Jungkook zignorował ich spojrzenia i mocno chwycił nogę faceta. Zignorował głośne krzyki wydobywające się z jego ust, po czym brutalnie pociągnął za jego nogę wyjmując ją z prętu.
Głośny krzyk rozniósł się echem po całym mieście, ale Jungkook zignorował go i cofnął się o krok. Glenn i Rick szybko złapali łkającego chłopca i pociągnęli go w stronę samochodu. Jungkook i Hershel pobiegli za nimi i wskoczyli do ciężarówki.

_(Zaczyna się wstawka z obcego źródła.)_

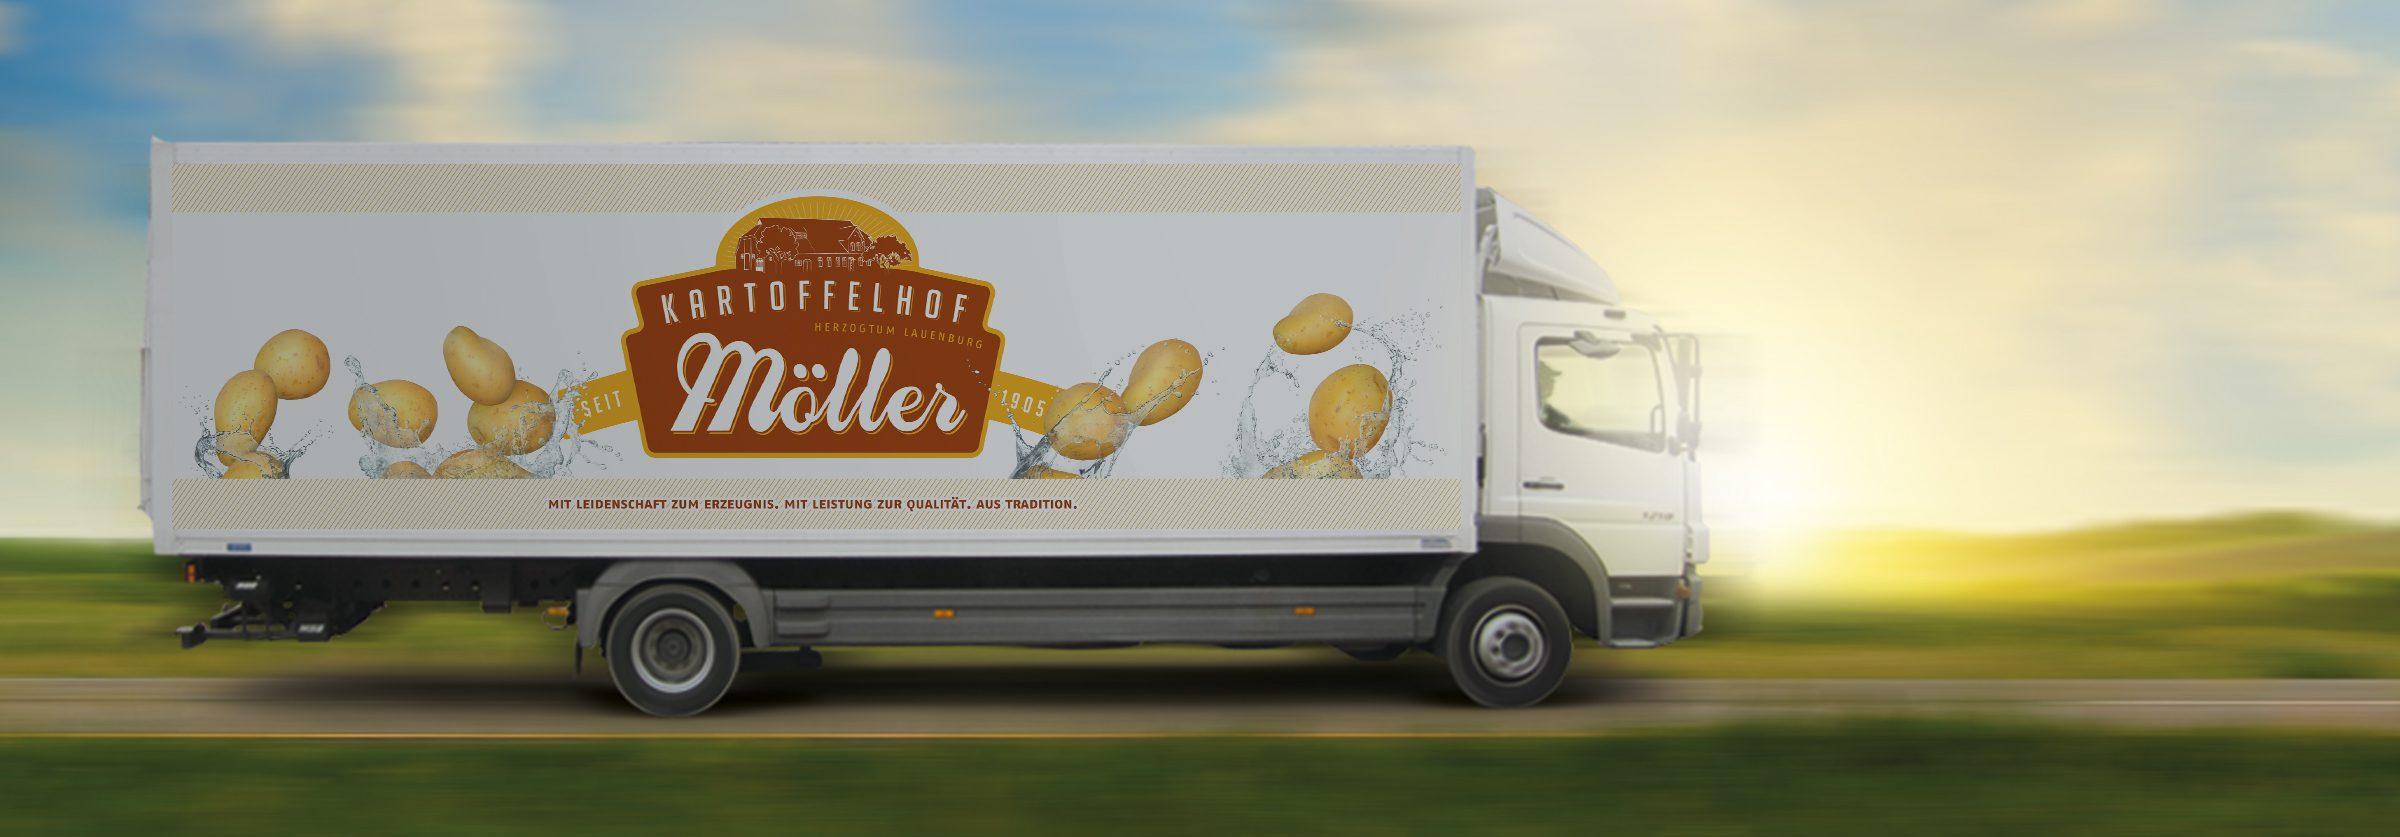 Kartoffelhof Möller Bartelsdorf - Kartoffeln Herzogtum Lauenburg
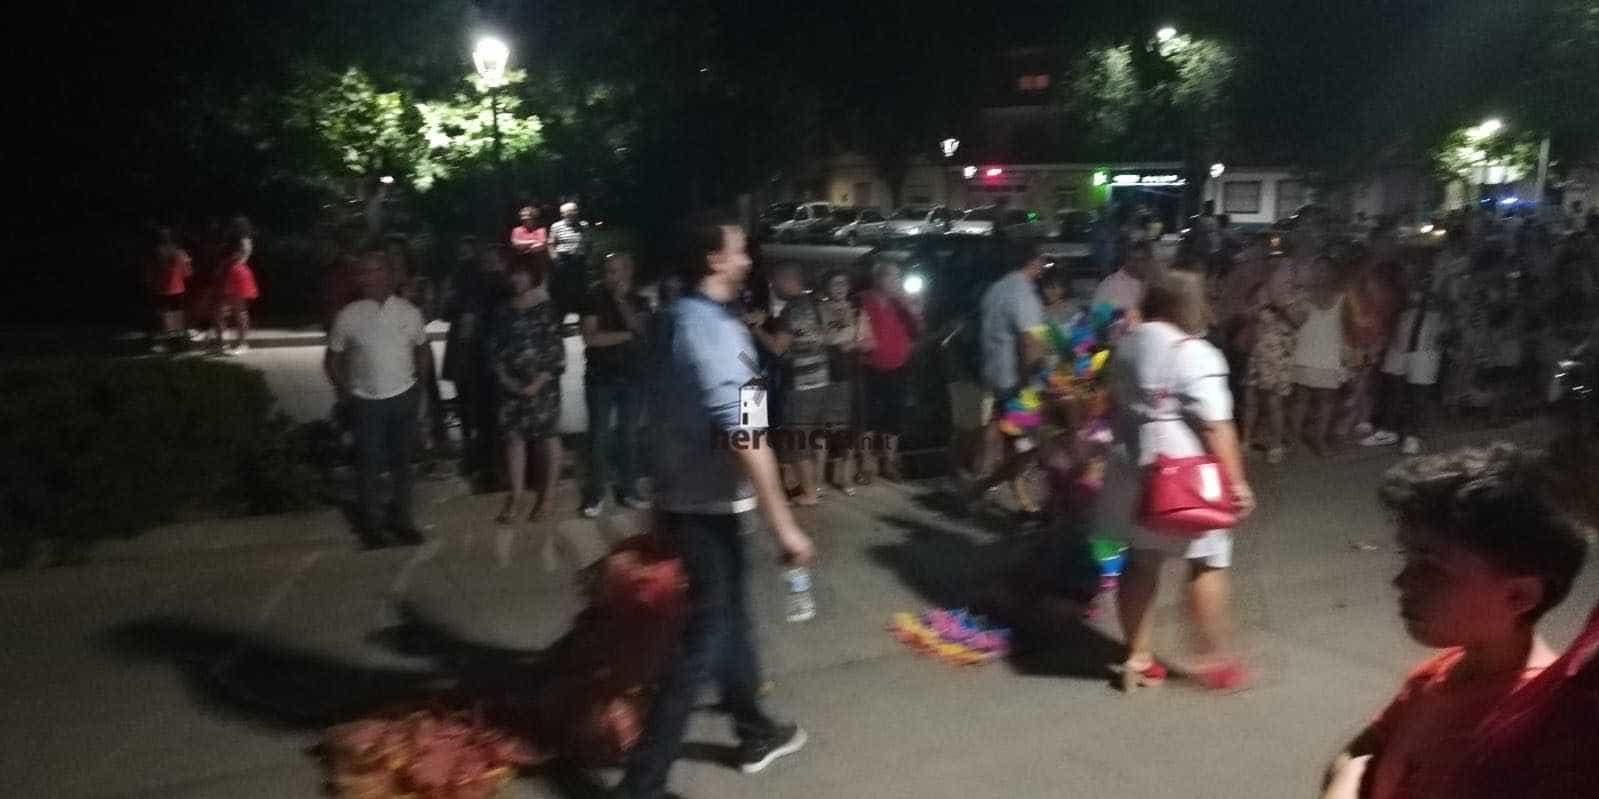 Carnaval de herencia 2019 galeria 54 - Galería de fotografías del Carnaval de Verano 2019

Jungkook zamknął drzwi i oddychał ciężko, gdy samochód ruszył do przodu.
Odchylił się na fotelu i wyjrzał przez okno, obserwując wszystkich mijanych zarażonych. Onyksowe oczy Gguka spojrzały na jego ręce pokrytej krwią. Chłopak wypuścił głęboki oddech i pochylił się.
Oparł głowę o siedzenie, ignorując spojrzenia, które otrzymał od osób w samochodzie.